In oracle table field data some of control characters
are inserted like control-M etc,.

kindly guide me how to remove them.

with kind regards,
BADRAIAH,
Re: HOW TO REMOVE CONTROL CHARACTERS IN ORACLE TABLE FIELD [message #7171 is a reply to message #7164] Mon, 26 May 2003 04:05 Go to previous messageGo to next message
Maaher
Messages: 7065
Registered: December 2001
Senior Member
Use ASCII/CHR to filter out the undesired characters.
Horizontal tab = ASCII 9
NewLine = ASCII 10
Vertical Tab = ASCII 11
NewPage = ASCII 12
Carriage Return = ASCII 13
Delete = ASCII 95

Method 1: You have a limited set of special characters in the text (let's say only newline and newpage are present):
UPDATE your_table
   SET your_column = REPLACE( REPLACE( your_column, chr(12),''),chr(10),'')
/
As you can see, it is fairly simple: just nest the replace statement for each ascii value you want out.

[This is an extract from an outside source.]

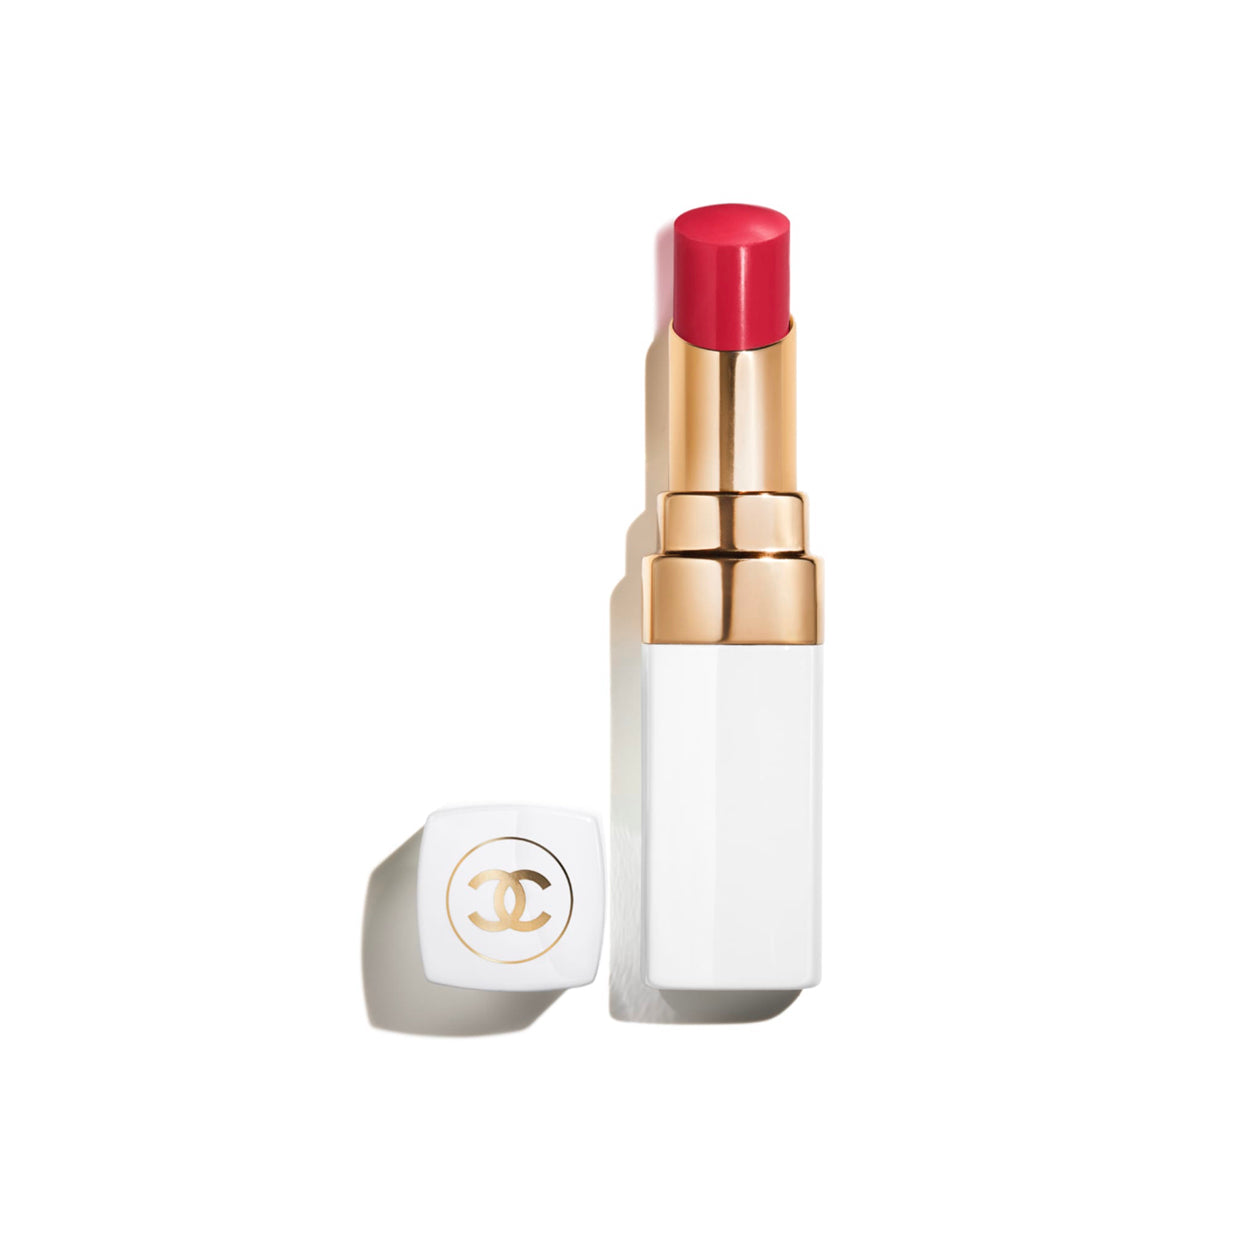 CHANEL, ROUGE COCO BAUME
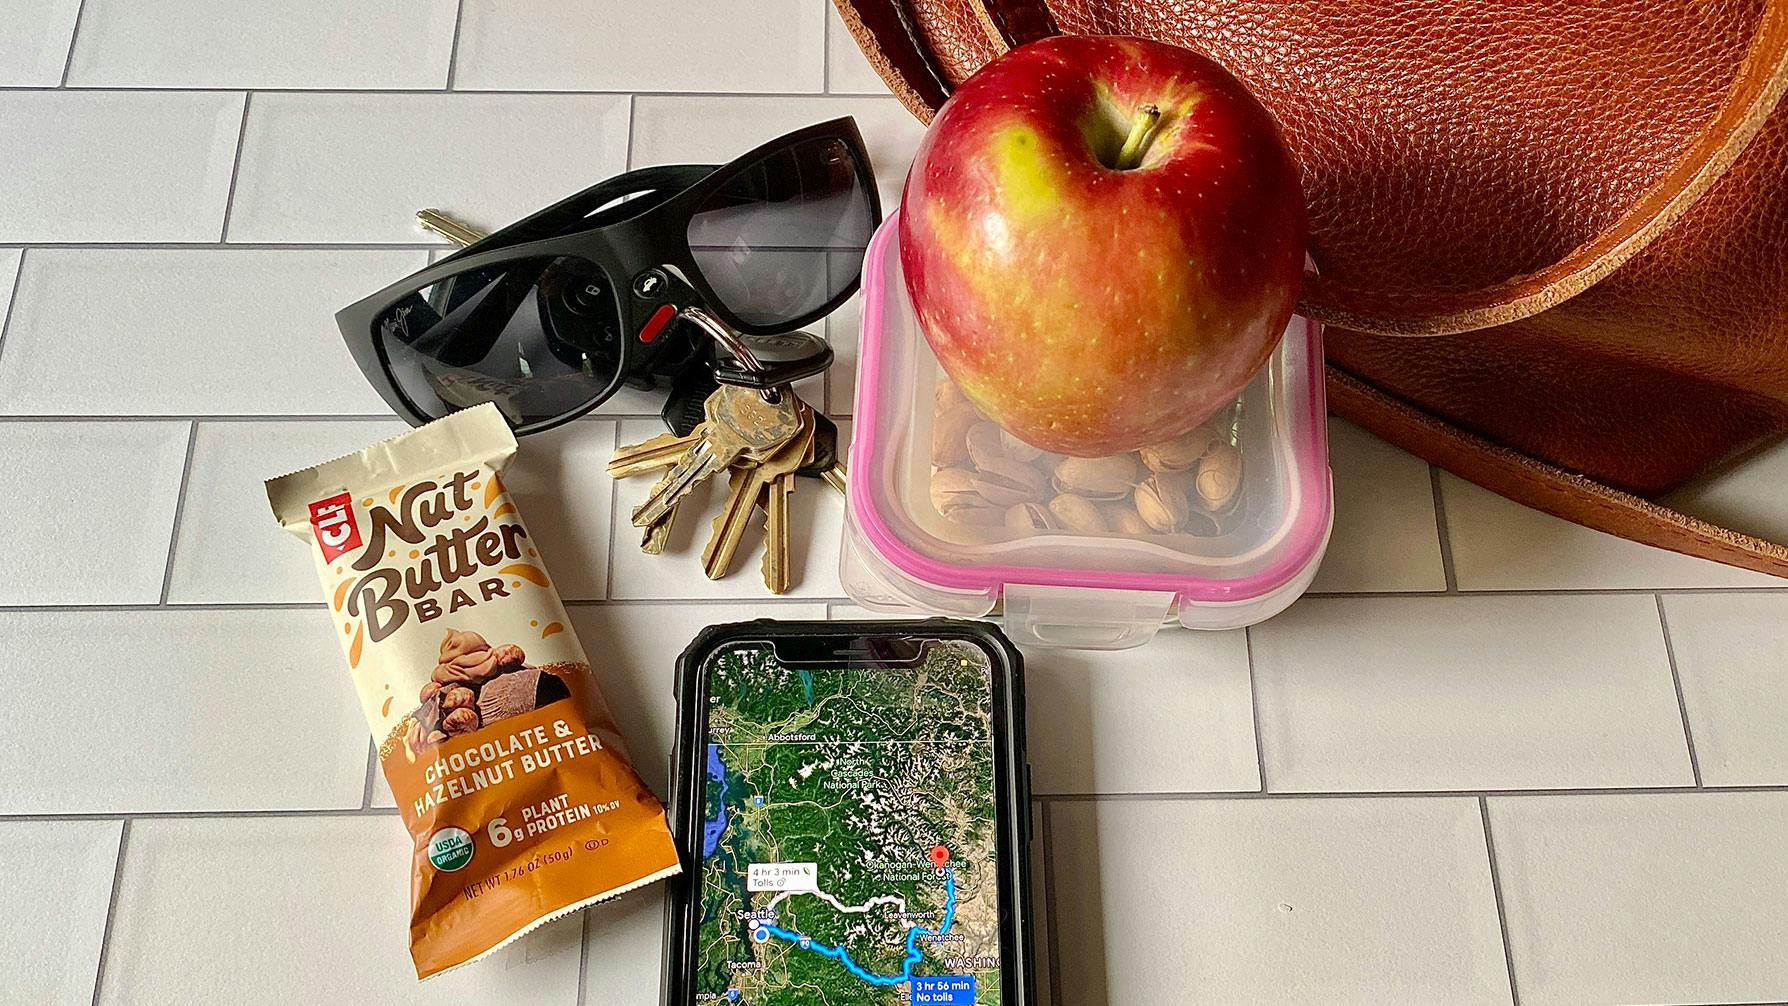 CLIF Nut Butter Bar and road trip items

Method 2: You have a lot of special characters to omit and you don't like nesting them in replace statements.

Write a function which scans through a given text and which strips all characters that aren't in the ASCII range of desired characters. It should be something like:
FUNCTION fun$strip(p_text in VARCHAR2)
RETURN VARCHAR2
IS
  v_return VARCHAR2(2000) := NULL;
BEGIN
  For i In length(p_text)
  Loop
    IF ASCII(substr(p_text,i,1)) in (your_range_of_valid_chars) Then
      v_return := v_return||substr(p_text,i,1);
    END IF;
  End Loop;
  RETURN v_return;
END;<PRE>In SQL you could do an update using the function:<PRE>UPDATE your_table
   SET your_column = fun$strip(your_column);


The code in the function is written on the fly, so check ( and improve ) before using it. It's just to give you an idea.

HTH,
MHE
Finding those with control characters [message #11486 is a reply to message #7171] Mon, 29 March 2004 10:39 Go to previous message
Matthew Iskra
Messages: 16
Registered: April 2002
Location: Sacramento CA USA
Junior Member
instead of updating everything, use a select to see which columns offend and then modify your update to only modify the qualifiying rows.

Exempli Gratia:

SELECT your_column
FROM your_table
WHERE your_column LIKE '%'||CHR(10)||'%';

That should assist those, like, that have huge tables with only a few offenders.